Some key processing material has the property that it is λ secure, which means that only a federation of at least λ + 1 compromised nodes compromises the system. For example, λ secure key processing material can be used by taking a symmetric bivariate polynomial and distributing the polynomial share to different sensor nodes. In this way, potentially compromised nodes up to λ that share correlated polynomial shares in the key processing material can be tolerated. In step 206, KRT keeps track of the number of security breaches caused for each particular portion of the security domain SD _i and / or polynomial share _{f i.} In an exemplary embodiment, the polynomial share f _i for each and / or in the SD _i, the number r _i defined by the policy security breaches _(range {1, ..., λ _i} default by the) capable of withstanding Can do. Certain key processing materials have the property that they are λ-secure, meaning that only a federation of at least λ + 1 compromised nodes compromises the system. For example, λ secure key processing material can be used by taking a symmetric bivariate polynomial and distributing the polynomial share to different sensor nodes. In this way, potentially compromised nodes up to λ that share correlated polynomial shares in the key processing material can be tolerated.

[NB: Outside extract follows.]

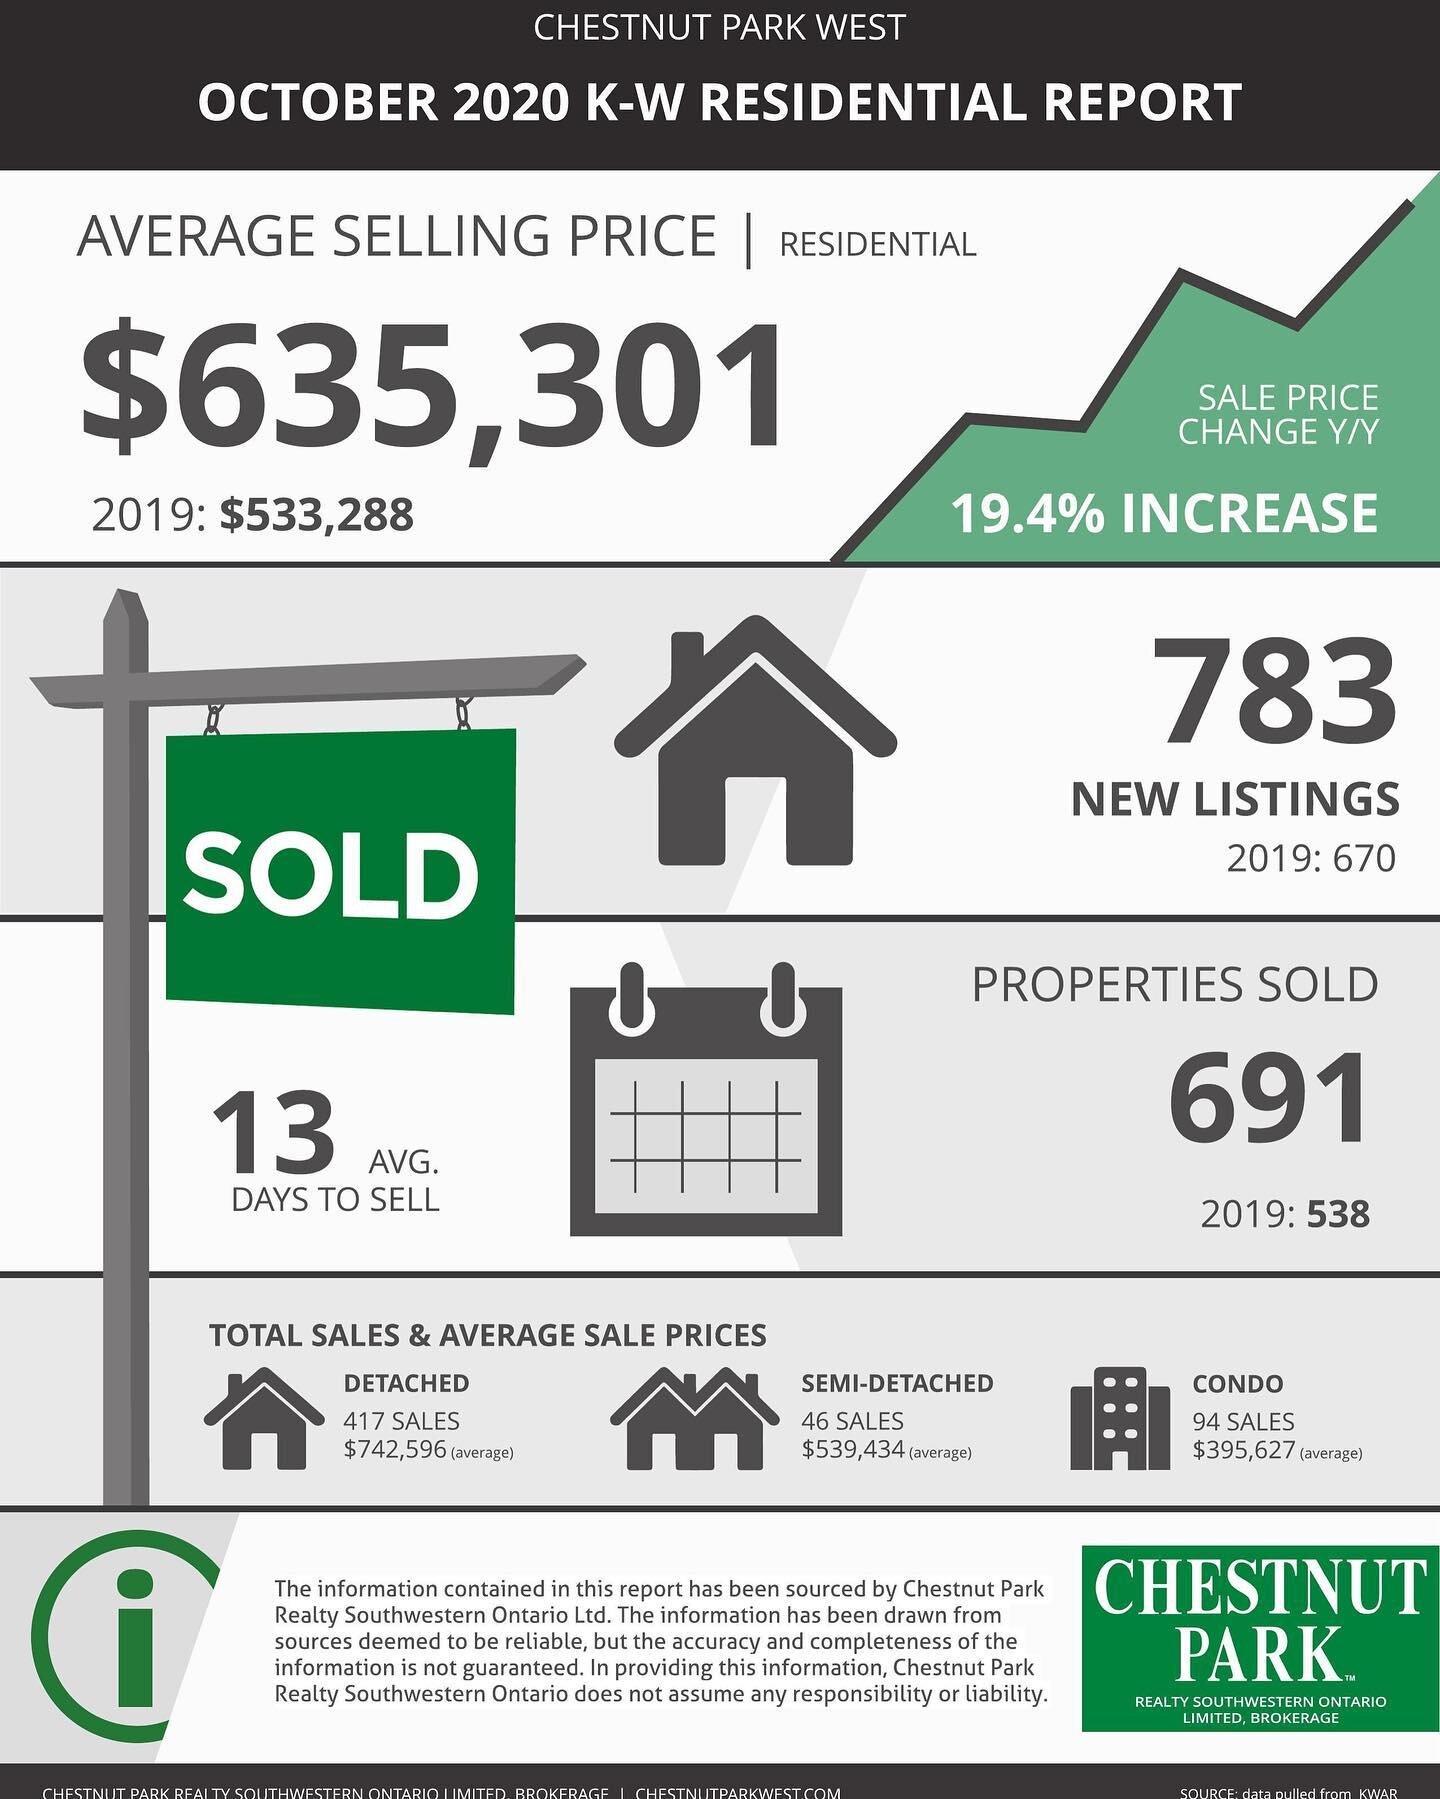 This is the 4th month in a row we have a monthly record of home sales. Consumers buying/selling real estate continues to be one of the few shining lights to help Ontario&rsquo;s economy recover from the pandemic. We&rsquo;re continuing to see more bu

However, since any compromised node has access to a part of the system, other different policies can be defined, for example, by setting acceptable limits for the compromised node. Thus, in step 206, the KRT tracks the number of security breaches that occur for each particular polynomial f _i and / or security domain SD _i . Let SD _i be able to have multiple polynomials. A security breach of a number r _i (by default from the range {1,... Λ _i }) defined by the policy may be tolerated for each polynomial f _i and / or for each SD _i . Suppose that the compromised polynomial number r _i for polynomial f _i (x, y) may be greater than λ _i depending on the attack model considered. If this SD _i uses multiple polynomials, the policy defines a vector R = [r ₁ , r ₂ ,..., R _k ,..., R _total ], where total is the number of polynomials in the security domain in it, r _k is intended to count the number of broken polynomial equity by a polynomial f _k of degree λ _k (x, y). The processing performed during the update of the encryption material executed in step 207 depends on the type of encryption material.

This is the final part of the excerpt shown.